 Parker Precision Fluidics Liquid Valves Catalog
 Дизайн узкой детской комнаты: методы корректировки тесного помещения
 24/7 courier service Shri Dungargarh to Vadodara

***

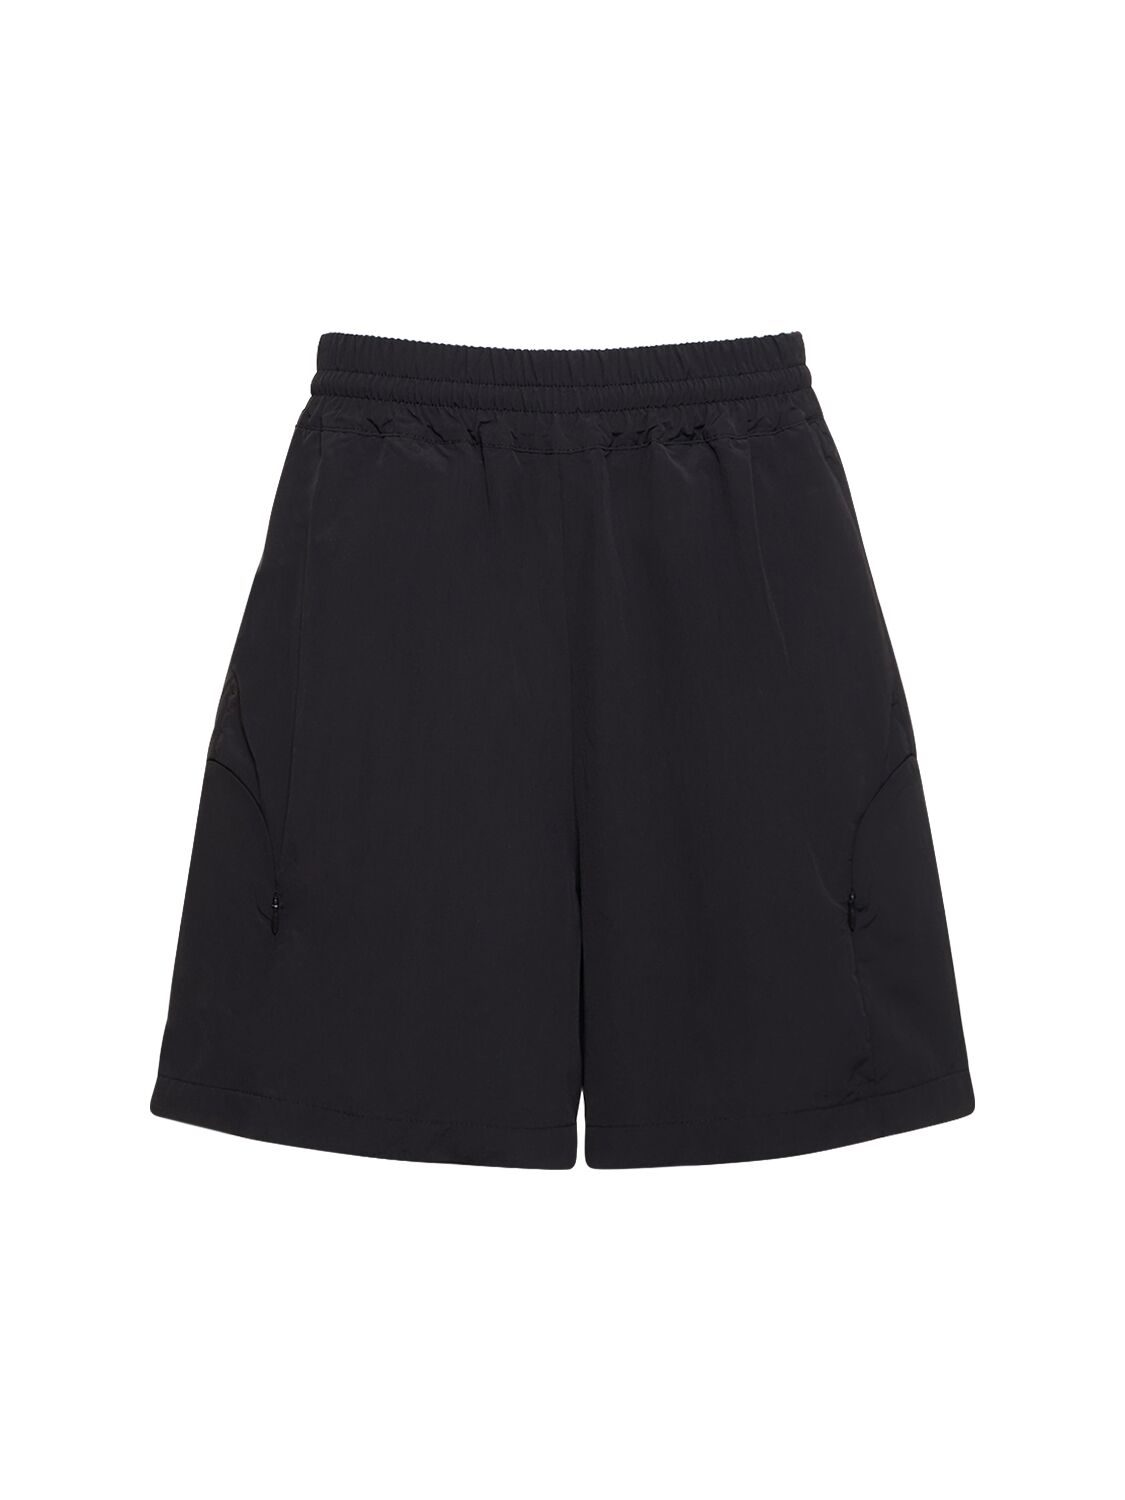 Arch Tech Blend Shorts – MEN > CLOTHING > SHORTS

***

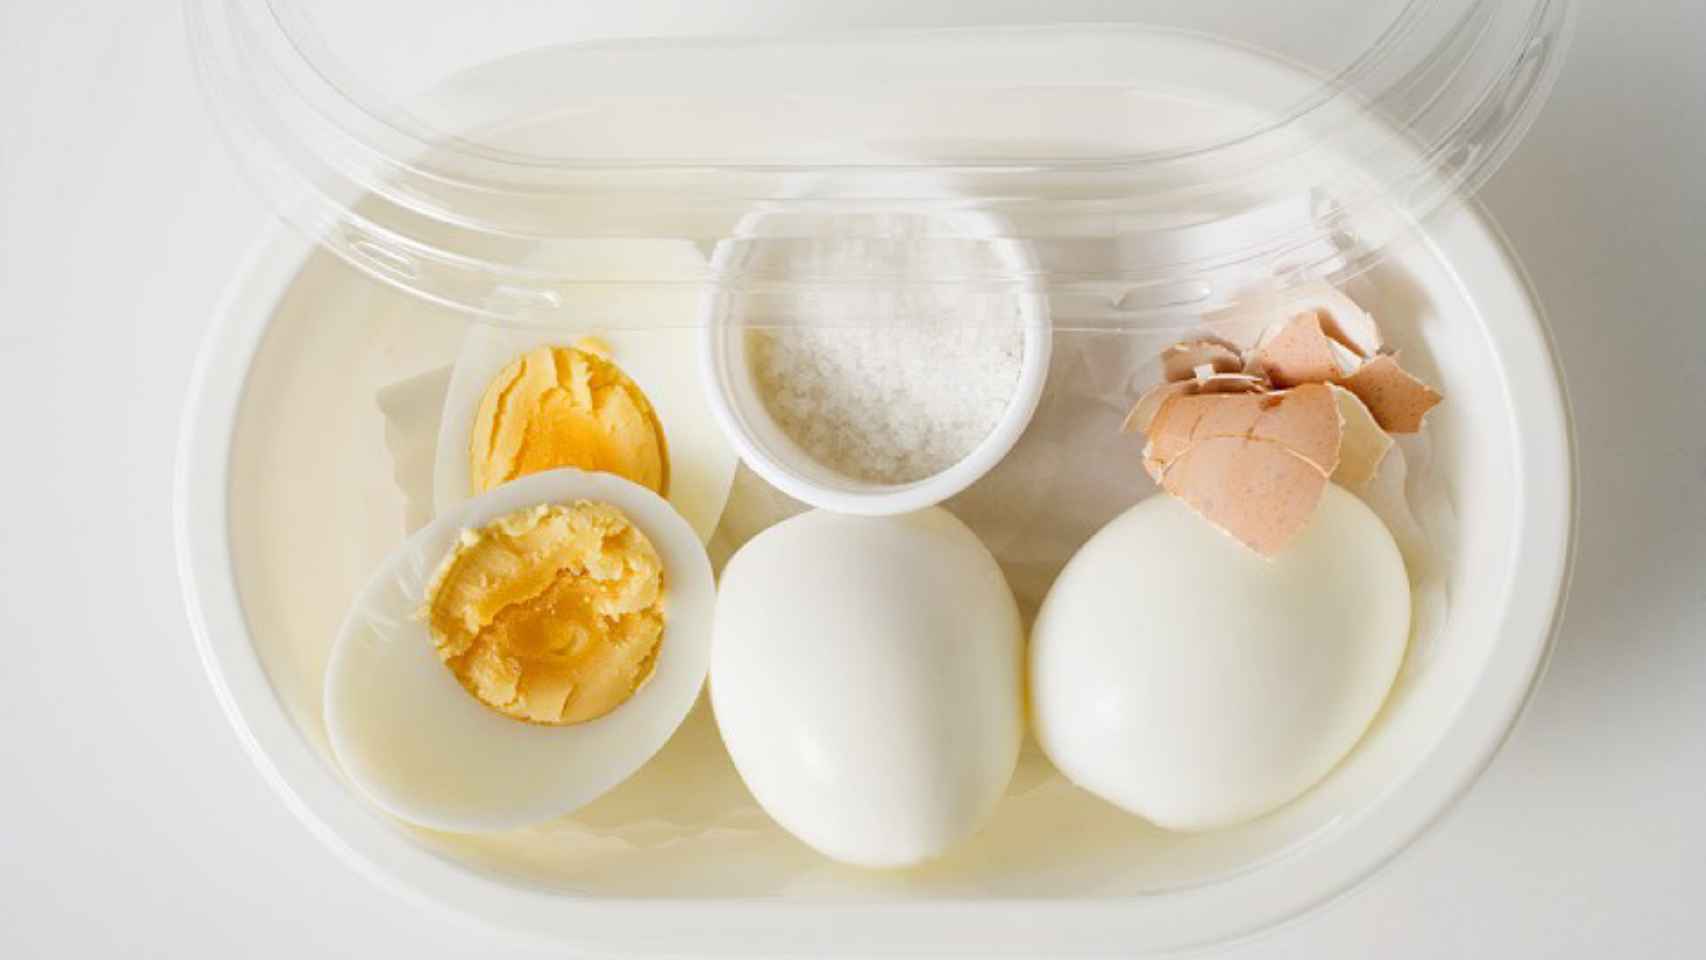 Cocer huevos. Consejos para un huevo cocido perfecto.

***

## WHAT YOU HAVE TO DO
Restate word for word the lines in the material above from the one with "Parker Precision Fluidics" to the one with "24/7 courier service"; both of those lines count, and nothing else does.

## RESPONSE AREA
 Parker Precision Fluidics Liquid Valves Catalog
 Дизайн узкой детской комнаты: методы корректировки тесного помещения
 24/7 courier service Shri Dungargarh to Vadodara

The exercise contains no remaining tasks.